Exactly as they appear below, repeat the lines from the one with "UNDEFEATED スクリプト ラグラン" through the one with "EastRidgeFarmsLOGO-HiRes.jpg", and no others.

Data records Start Marker

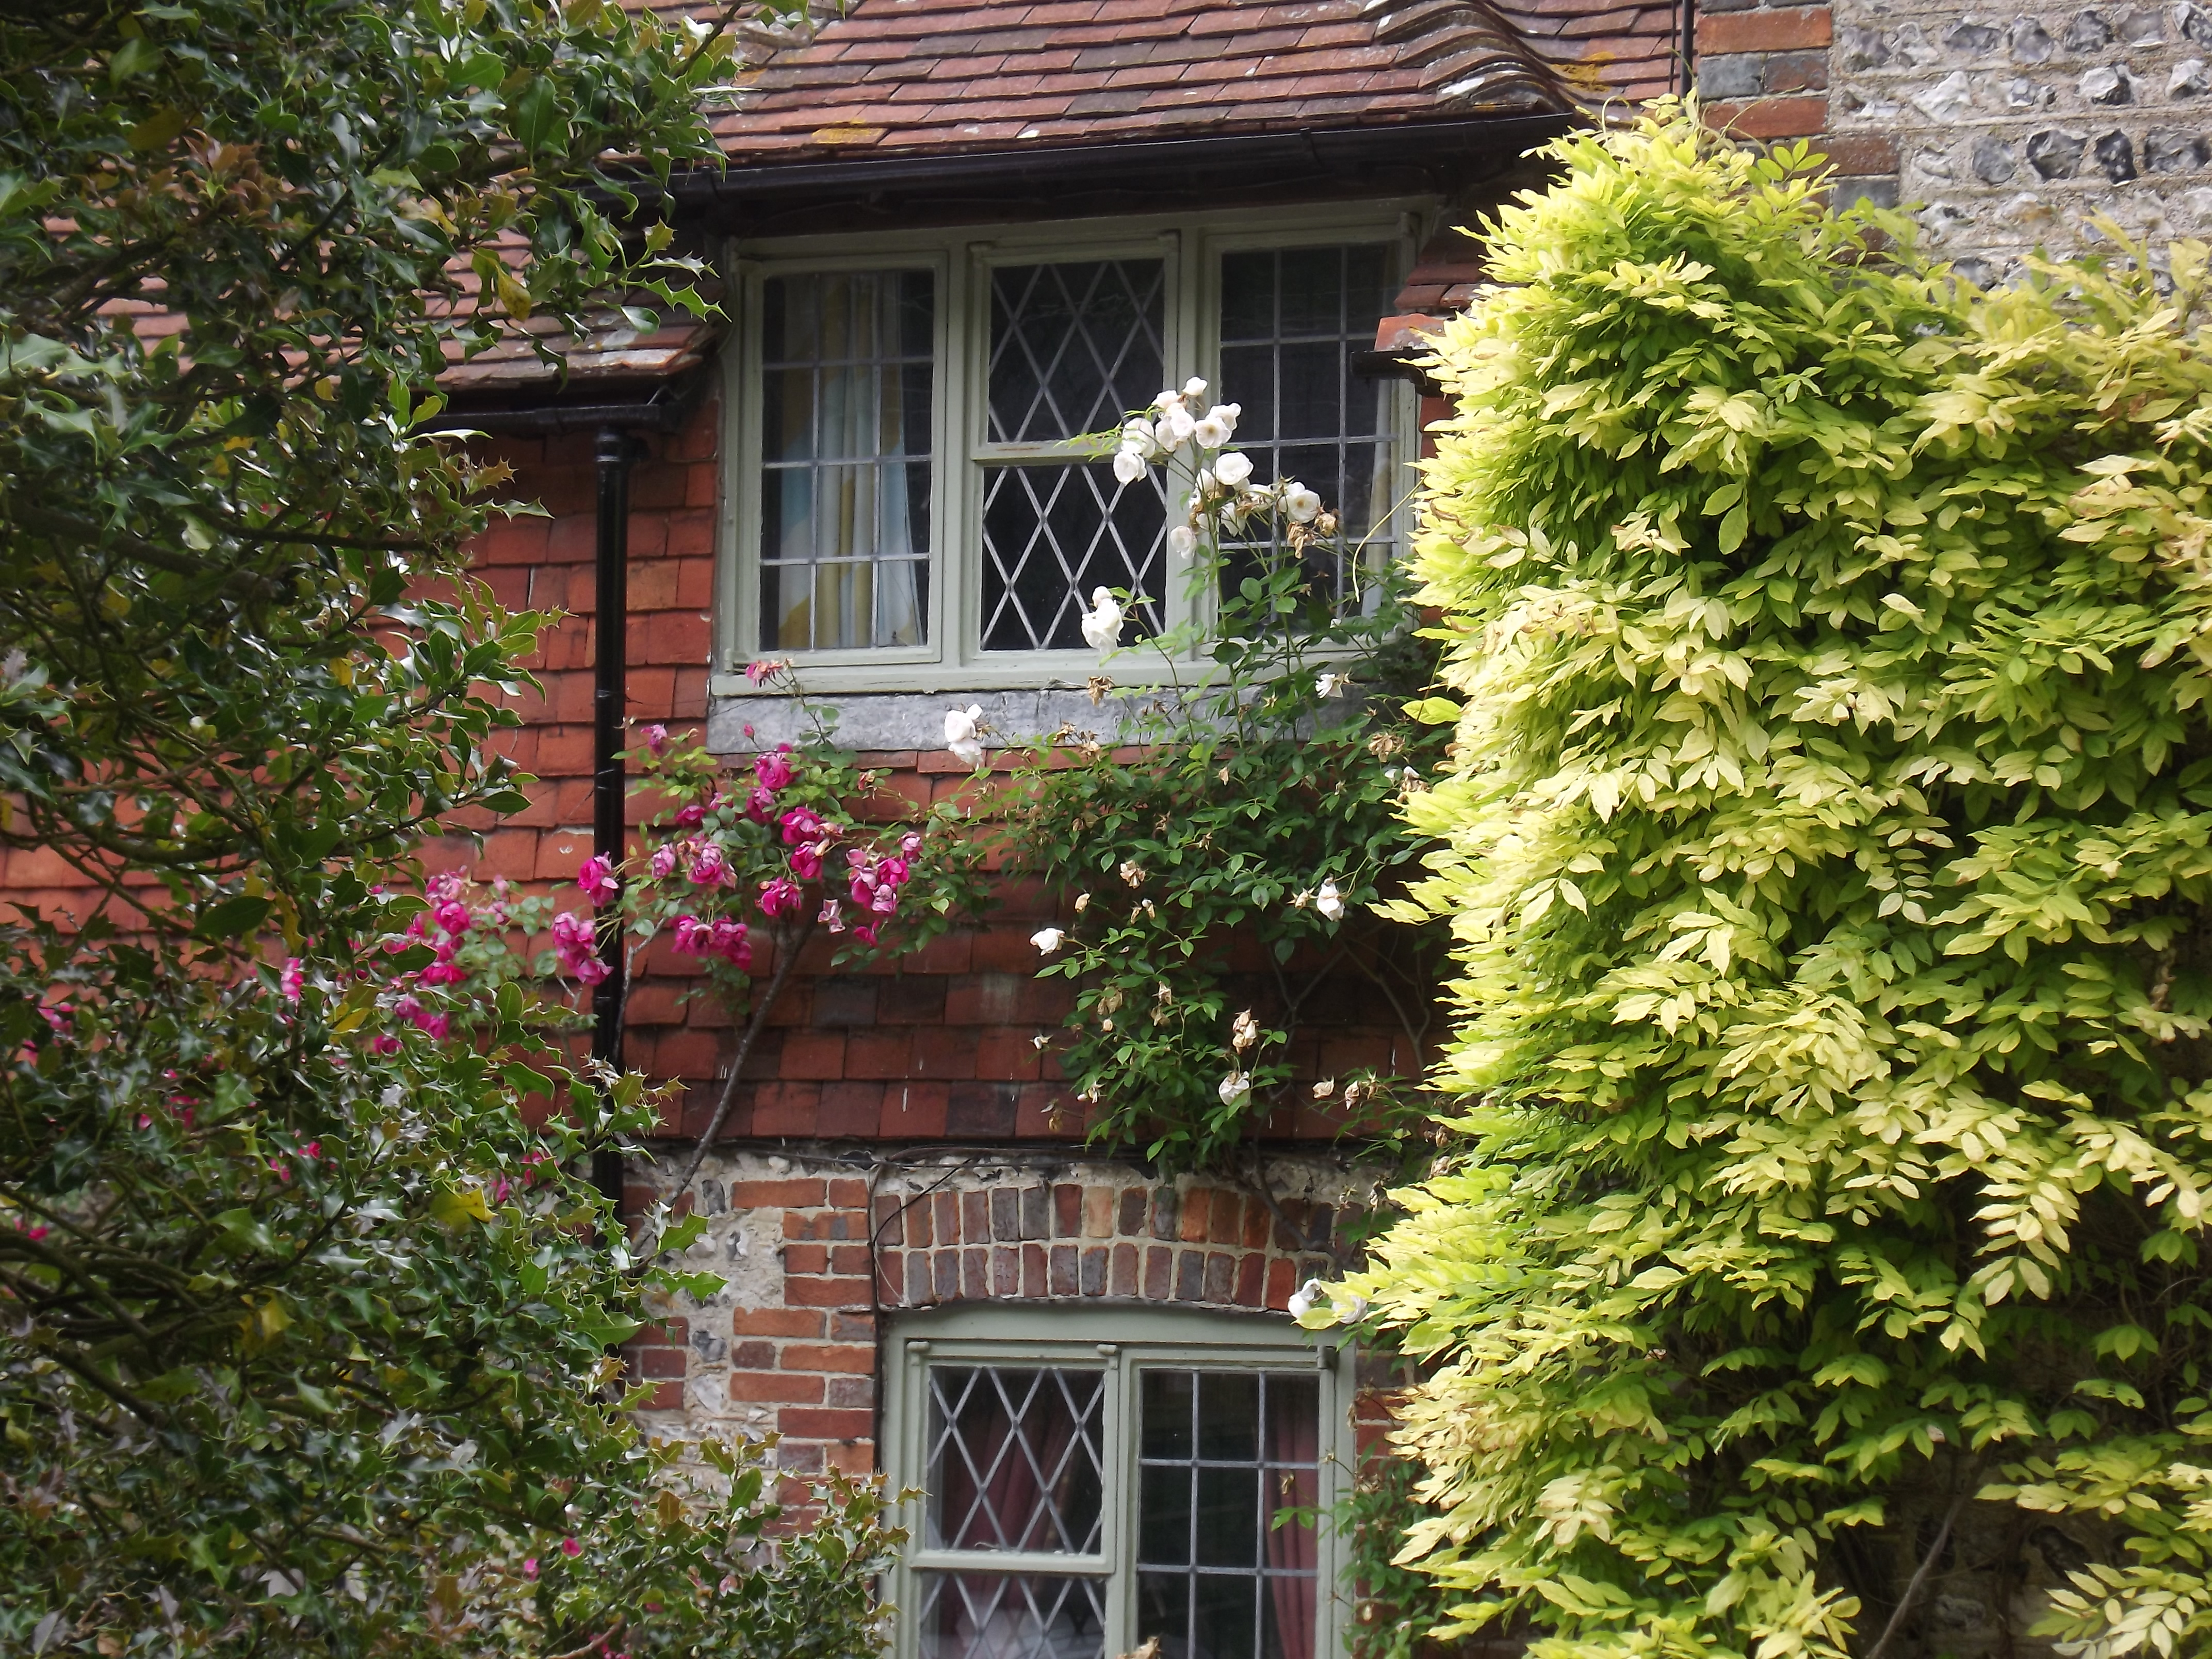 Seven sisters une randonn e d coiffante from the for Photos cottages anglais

Data records End Marker
Data records Start Marker

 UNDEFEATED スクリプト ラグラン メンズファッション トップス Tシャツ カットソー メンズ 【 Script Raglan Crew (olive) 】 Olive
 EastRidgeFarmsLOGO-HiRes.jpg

Data records End Marker

**Response below:**
 UNDEFEATED スクリプト ラグラン メンズファッション トップス Tシャツ カットソー メンズ 【 Script Raglan Crew (olive) 】 Olive
 EastRidgeFarmsLOGO-HiRes.jpg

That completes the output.